Eine Verletzung im Recht auf "Bekanntgabe der Höhenlage, Breite und Bauart eines Gehsteiges" läge im Beschwerdefall jedoch nur dann vor, wenn die belangte Behörde die im Abs. 7 des § 54 BO enthaltenen Anordnungen außer Acht gelassen hätte oder gegen die Bestimmungen der auf Grund des § 10 Abs. 2 bis 4 und des § 54 Abs. 1, 4 bis 11 und 13 BO erlassenen Verordnung der Wiener Landesregierung vom 17. Februar 1981, mit der nähere Vorschriften über die Beschaffenheit der Gehsteige und ihrer baulichen Anlagen erlassen werden, in der hier maßgeblichen Fassung der Verordnung LGBl. Nr. 22, verstoßen hätte. In der Beschwerde werden jedoch keine Bedenken gegen die Rechtmäßigkeit der von der belangten Behörde bekannt gegebenen Höhenlage, Breite und Bauart des Gehsteiges vorgebracht. Der Verwaltungsgerichtshof vermag einen Verstoß gegen § 54 Abs. 10 BO und die erwähnte Gehsteigverordnung nicht zu erkennen.

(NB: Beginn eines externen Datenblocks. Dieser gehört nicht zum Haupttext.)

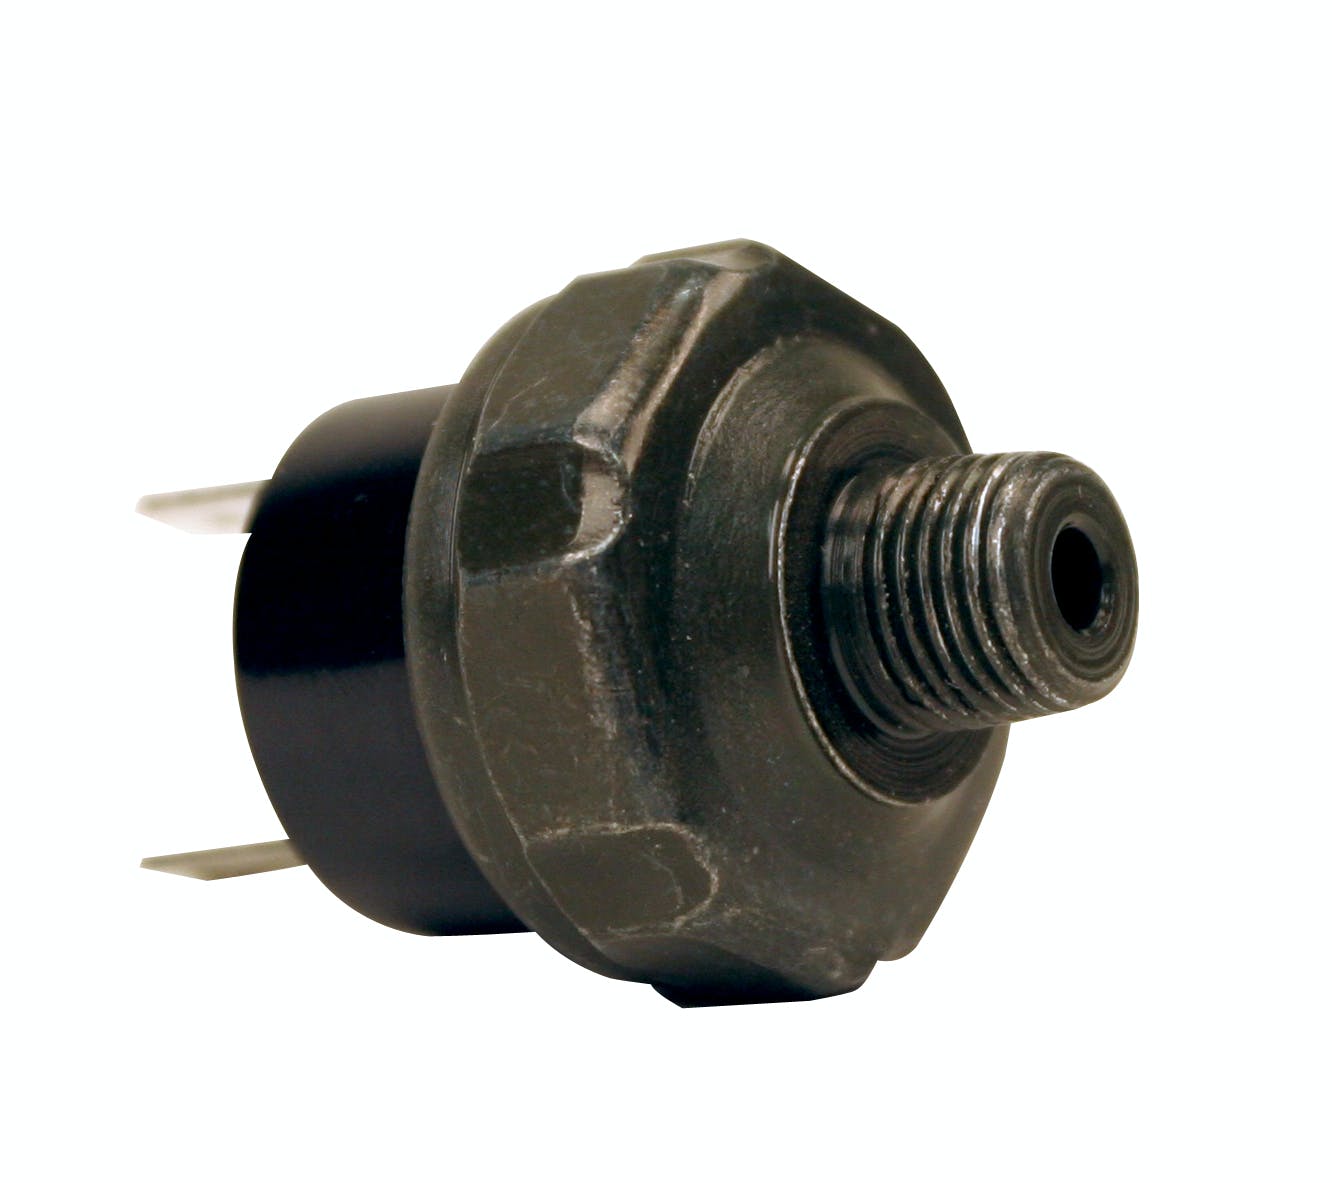 VIAIR 90101 Pressure Switch  1/8in M NPT Port  1/4in Spade Connectors 85 psi On  105 ps

Dem unter dem Gesichtspunkt einer Rechtswidrigkeit infolge Verletzung von Verfahrensvorschriften erstatteten Beschwerdevorbringen fehlt es an der erforderlichen Relevanz. Den aufgezeigten Verfahrensfehlern könnte nur dann entscheidende Bedeutung zukommen, wenn mit dem angefochtenen Bescheid eine Verpflichtung des Beschwerdeführers zur Herstellung des Gehsteiges ausgesprochen worden wäre. Dies ist jedoch - wie oben aufgezeigt - hier nicht der Fall.

Die Beschwerde war daher gemäß § 42 Abs. 1 VwGG als unbegründet abzuweisen.

Die Kostenentscheidung stützt sich auf die §§ 47 ff VwGG in Verbindung mit der Verordnung BGBl. II Nr. 333/2003.